Malda Town–Anand Vihar Terminal Weekly Express

Overview
- Service type: Express
- Locale: West Bengal, Bihar, Uttar Pradesh & Delhi
- First service: 9 January 2015; 10 years ago
- Current operator(s): Eastern Railway

Route
- Termini: Malda Town (MLDT) Anand Vihar Terminal (ANVT)
- Stops: 23
- Distance travelled: 1,412 km (877 mi)
- Average journey time: 28 hrs 55 mins
- Service frequency: Weekly
- Train number(s): 13429 / 13430

On-board services
- Class(es): AC 2 Tier, AC 3 Tier, Sleeper Class, General Unreserved
- Seating arrangements: Yes
- Sleeping arrangements: Yes
- Catering facilities: On-board catering, E-catering
- Observation facilities: Large windows
- Baggage facilities: Available
- Other facilities: Below the seats

Technical
- Rolling stock: LHB coach
- Track gauge: 1,676 mm (5 ft 6 in)
- Operating speed: 49 km/h (30 mph) average including halts.

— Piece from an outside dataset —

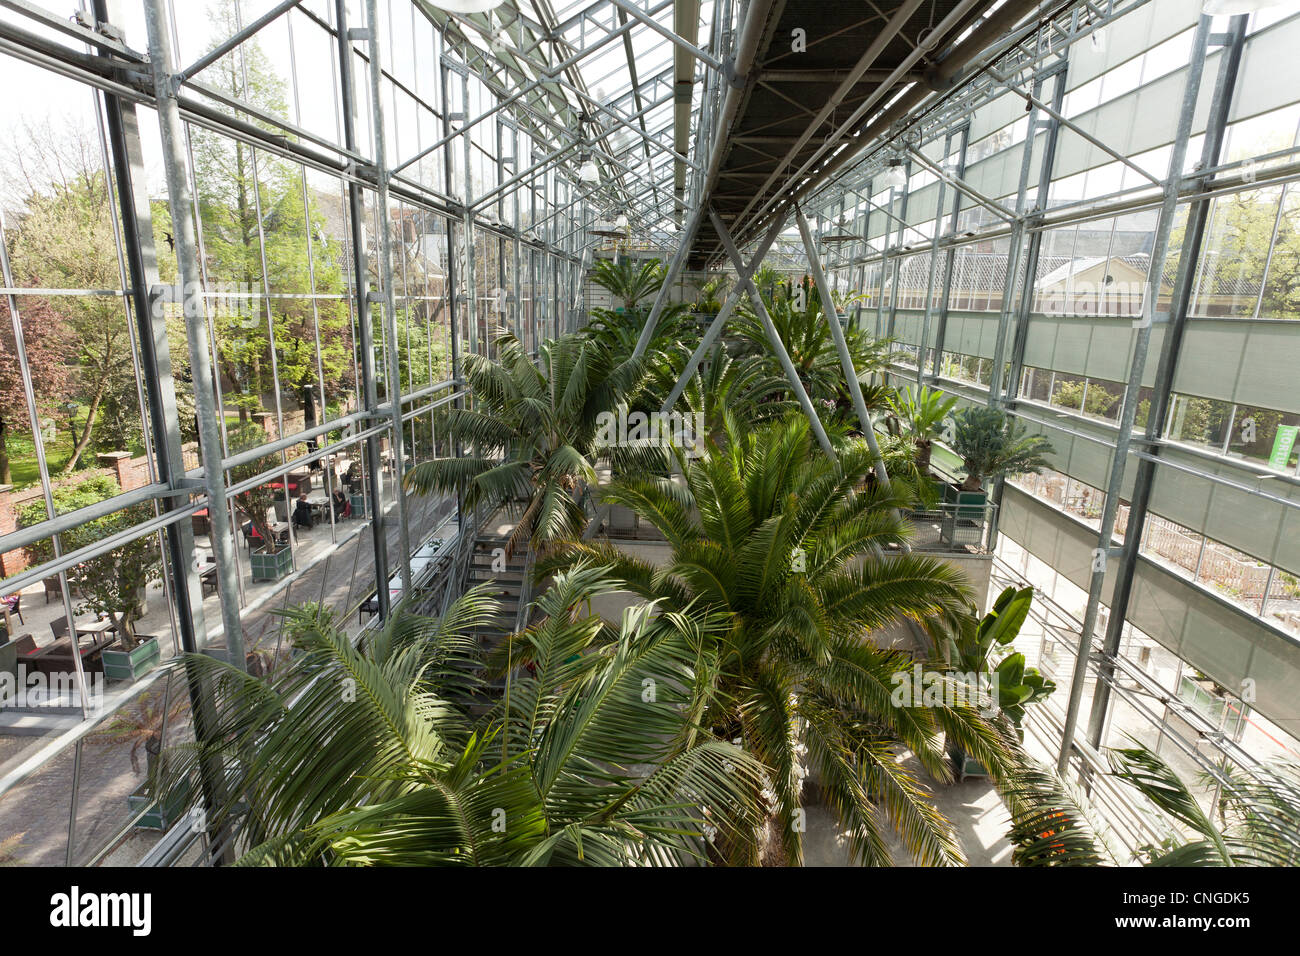 Holland, Leyden, Hortus Botanicus, botanical garden of the University of Leyden, the modern greenhouse and the cycads. Stock Photo

= Malda Town–Anand Vihar Weekly Express =

Train in India

The 13429 / 13430 Malda Town–Anand Vihar Terminal Weekly Express is the express, as well as the like other normal Express trains. It is the newer one train.

The Malda Town–Anand Vihar Weekly Express left Malda Town railway station for Anand Vihar Terminal railway station, to cover a distance of 1412 km km in 29 hours 30 mins. It had an 1 AC 2 Tier, 2 AC 3-tier and 6 3-Tier Sleeper. It is hauled by Indian locomotive class WAP-4..

==History==
It was inaugurated at Tuesday 9 January 2015.

==Destinations==
The train is an important link between Malda Town to New Delhi. It runs near some of the most holy sites in India.

===Timing===
- 13429 Malda Town–Anand Vihar Terminal Weekly Express leaves Malda Town railway station on a one-day-in-a-week basis at 09:05 hrs IST and reaches Anand Vihar Terminal railway station at 14:35 hrs IST the 2nd day.
- 13430 Anand Vihar Terminal–Malda Town Weekly Express leaves Anand Vihar Terminal railway station on one days in a weekly basis at 17:10 hrs IST and reaches Malda Town railway station at 23:50 hrs IST the 2nd day.

On this route, the train covers a distance of 1412 km in 29 hrs 30 mins.

==Coach composition==

Loco: 1; 2; 3; 4; 5; 6; 7; 8; 9; 10; 11; 12; 13; 14; 15; 16; 17
EoG; GS; GN; GN; B2; B1; A1; S1; S2; S3; S4; S5; S6; GN; GN; GN; SLR

===Trivia===

Malda Town–Anand Vihar Weekly Express has One AC 2-Tier, Two AC 3-Tier, Six Sleeper Class, Six General Unreserved, One SLR and One EoG.